Mixed feelings about how that works in practice. Do you think SLTs/ the pastoral lead should review any DC's predictions where each individual teacher considers a 9/ A* appropriate and then they pick a couple of subjects to dumb down to an 8, on the grounds that so few will manage all 9s?

I agree that parents shouldn't be left to inject reality because of over enthusiastic teachers but I do have some sympathy for individual teachers simply setting a target/ prediction they feel, with professional experience and judgment, is fair.

(I do of course realise that you're going to say that apart from English and Maths teachers don't thus far have experience of these exams, but they did with A* and you seem to agree that that raised very similar concerns re mental health).

noblegiraffe · 01/07/2018 23:05

I think they shouldn’t give a straight targets of the top grade as it as the only options are to meet them all or fail, and they are only average targets in the first place. Predictions also tend to be optimistic, we know from UCAS that teachers have a tendency to over-predict. A+ or 8+ or whatever for all would suffice to hint that a higher grade would be possible but when an 8 is the outcome, it still looks acceptable.

If the school needs a clearer target for data purposes then this can be held internally.

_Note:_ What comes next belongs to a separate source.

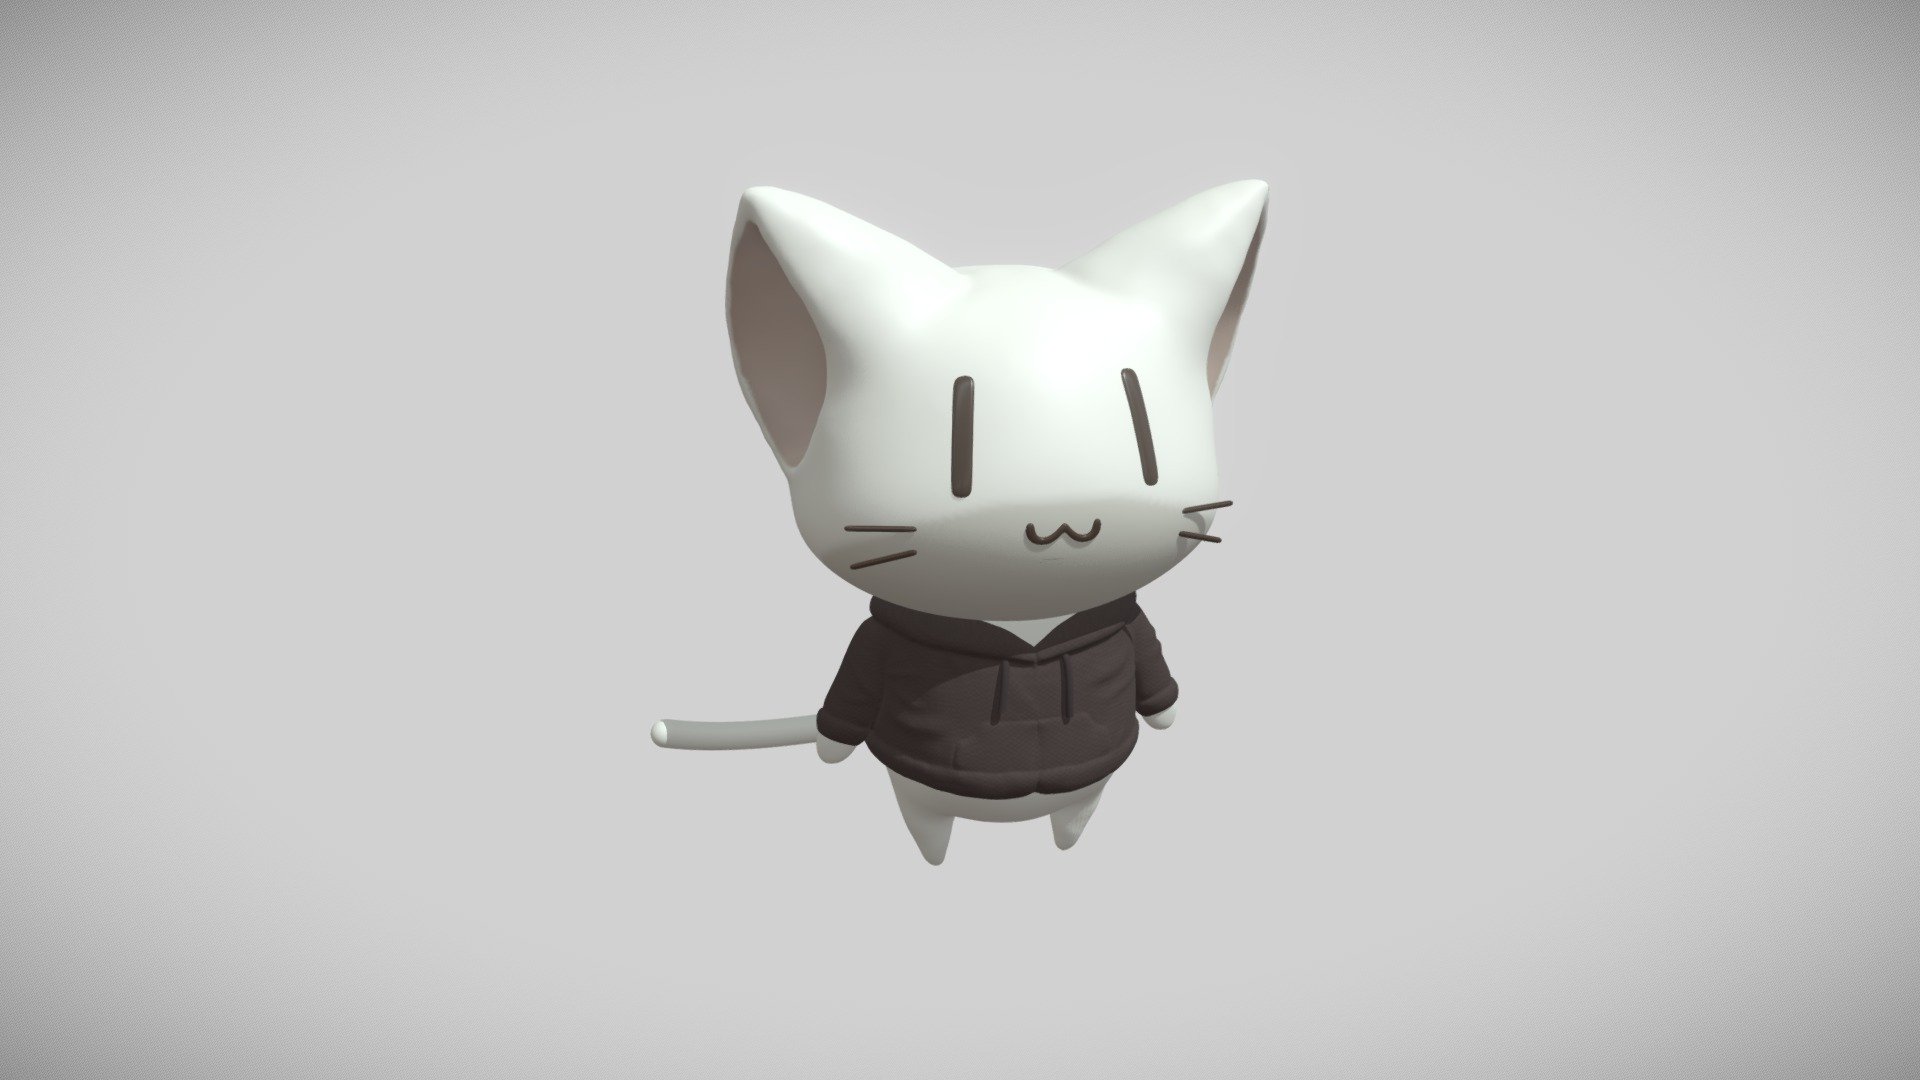 Whitecat Osu Download Free 3d Model By Covector Covector 64af3c5 Sketchfab

This is more critical with the 9s this year than the As perhaps as it affects more students and the targets and predictions are much more inaccurate. We had years worth of data when FFT were creating computer generated target grades of A and they were far more nuanced than the 9 predictions that were churned out last year for maths/English and will have been churned out this year for the other subjects. I’ve seen my FFT targets for Y10 be amended in the light of the first lot of real data from last year’s Y11. Several have been downgraded from a 9 prediction and they look more reasonable now. I expect the same will happen in other subjects next year.

OP posts:
AlexanderHamilton · 01/07/2018 23:32

Dh is a lecturer working in Higher/Further Education & until I made him listen to an explanation he had no idea about the new grade system.

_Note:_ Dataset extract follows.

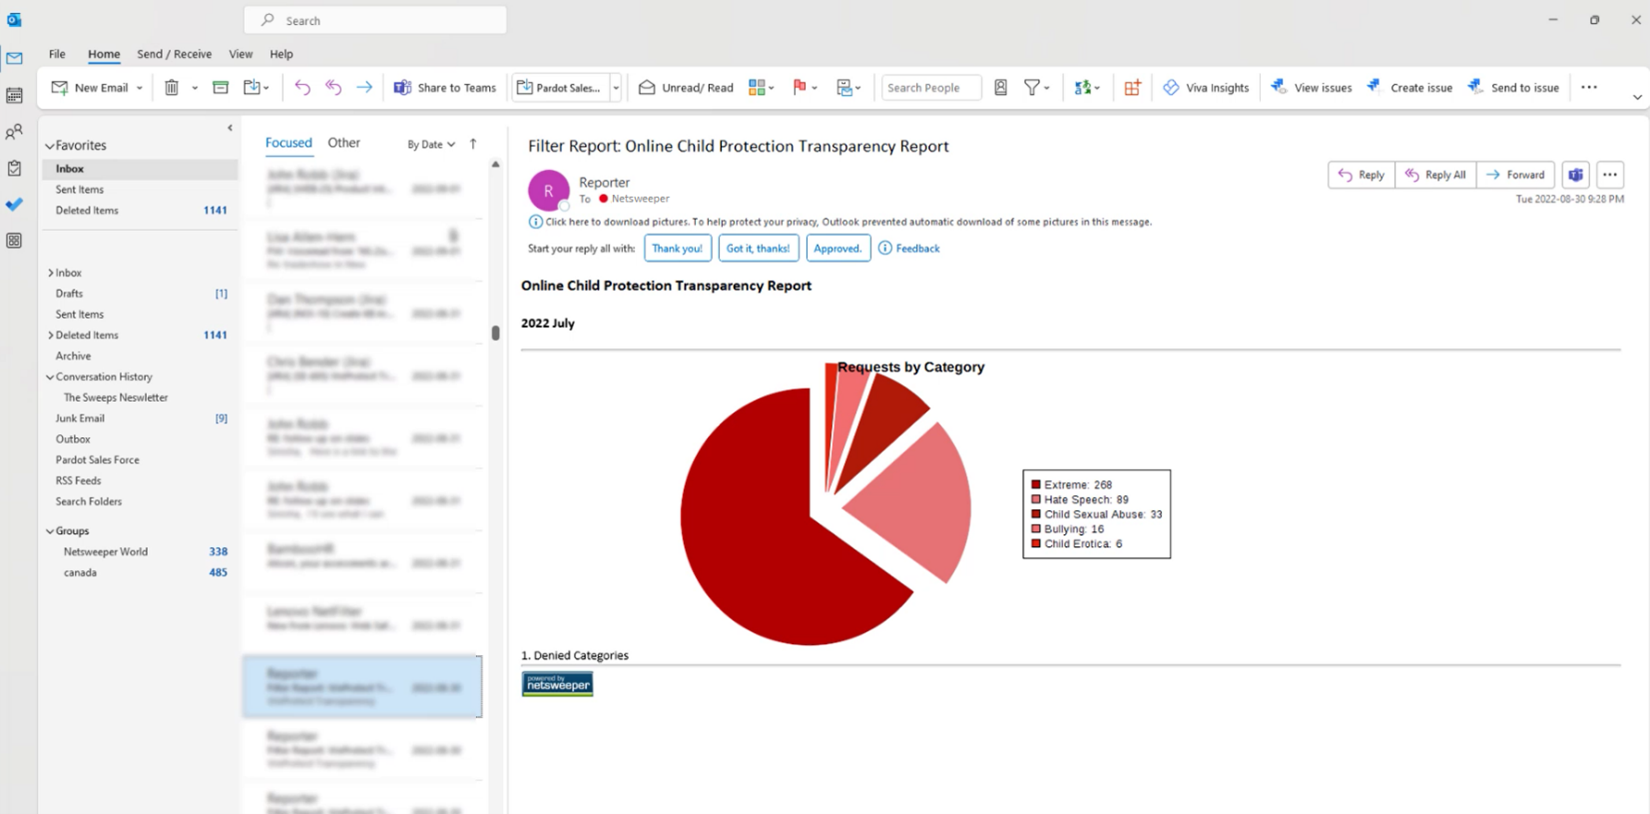 Online Child Protection Transparency Report

user1499173618 · 02/07/2018 08:53

I’m not sure that any old academic is interested in data tracking/analysis of students’ grade history and how well/badly in predicts future performance on specific degree courses. Most academics I know avoid admissions like the p’ague!

user1499173618 · 02/07/2018 08:53

plague

user1499173618 · 02/07/2018 08:57

The usefulness of data tracking/analysis is the way it enables minimum academic entry standards to be set in order to reduce the share of students who struggle to complete their degree course. This is a real issue for students and universities in this era of massive fees/loans and parents and pupils ought to welcome all attempts to make selection into degree courses as informed as possible.

AlexanderHamilton · 02/07/2018 10:14

But as a parent of a current year 11 he also had no idea.

goodbyestranger · 02/07/2018 10:25

We've had lots of explanations through the school, through Y10 and Y11 Alexander, so that even parents who aren't involved in education have as much grip as any lay person with the new grades. It's down to schools to pass on the info coming from the DfE/ Ofqual to parents and then apply it to the individual DC through the usual means - assessments, reports, parent meetings etc.